Thursday, October 18, 2012

Enough

The last couple of days have just c-r-aw-l-e-d by. Yesterday I escaped for a while and drove myself to the beach, and forgot my worries for a bit. I stood on the shore and when I got tired I sat down on a large rock and just watched the seals, otters, seagulls, and then unbelievable I saw a whale. I couldn't believe it. One minute I was just standing there looking out to sea, and then I saw something dark moving on the water, flashing, disappearing, then reappearing. I saw it again and again. Could it be?...I looked through the camera straining for a glimpse for half an hour and snapped away for another half hour, delighted at the chance to see something so out of the ordinary.

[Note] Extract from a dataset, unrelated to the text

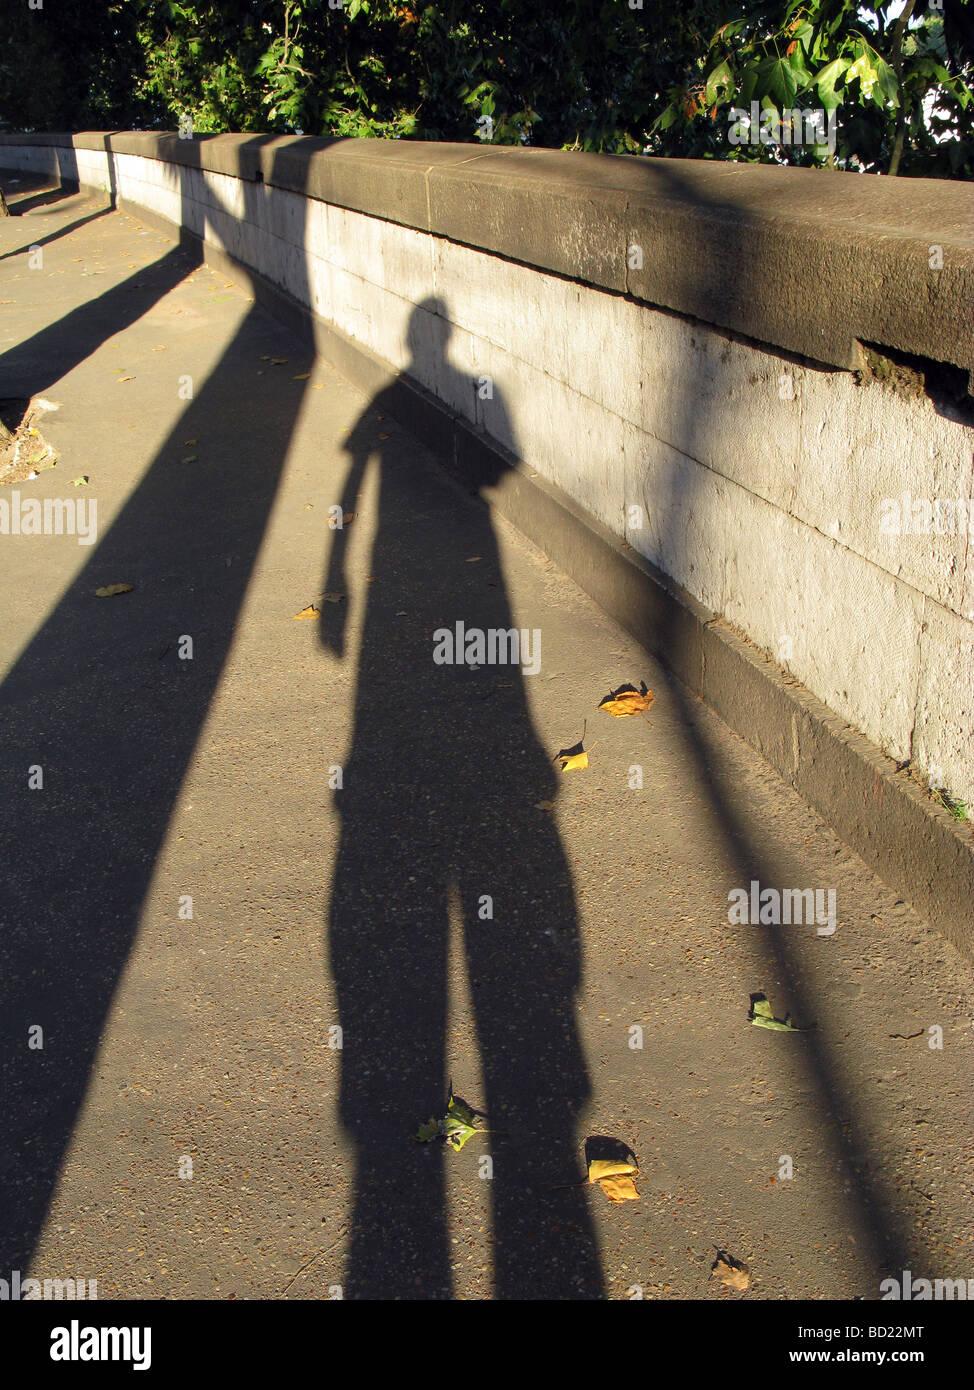 L'ombre portée de l'homme sur le trottoir en ville ville Banque D'Images

Then it was back home and facing reality. Reality being still no job offers, nothing happening. No phone calls, and no money either. I am still alternating between trusting God and feeling like I'm free falling over a large bottomless hole. Well, at least it can't get any worse, right? Wrong. Today we got a letter from the lawyer who is handling our case against his former employers. After spending almost a month developing the case and getting all the emails and paperwork together we now find out that there is a conflict with someone else in the firm regarding the former bosses, as I call them and he regretfully cannot take the case after all. Great. But he did give us some referrals to a couple of other lawyers and I'm confident that there will be one who will take our case. In the mean time it's back to square one, re-explaining the whole situation again to a whole new set of strangers. It is disconcerting. It is heartbreaking. It sets off all the panic bells in me. What are we going to do? How long, God, is this going to go on? How deep are we going to go into this pit? I pull myself together, as I drive in the school yard to get the kids, after all, it doesn't do them any good to see me so distraught. As I wipe the tears I'm reminded of Job and his faithful declaration "though He slay me, yet I will trust Him." I wrap this around my spiritual shoulders like a comforting cloak. I have had several encouraging emails, notes, and words these last few days, and all have served to underline one thing...I know, now matter how deep we go in this hole, God is deeper still. In the words of the late great Corrie ten Boom (and one of my favorite quotes) There is no pit that is so deep that Jesus Christ is not deeper still. This too, I wrap around myself. I know He sees. And it's enough.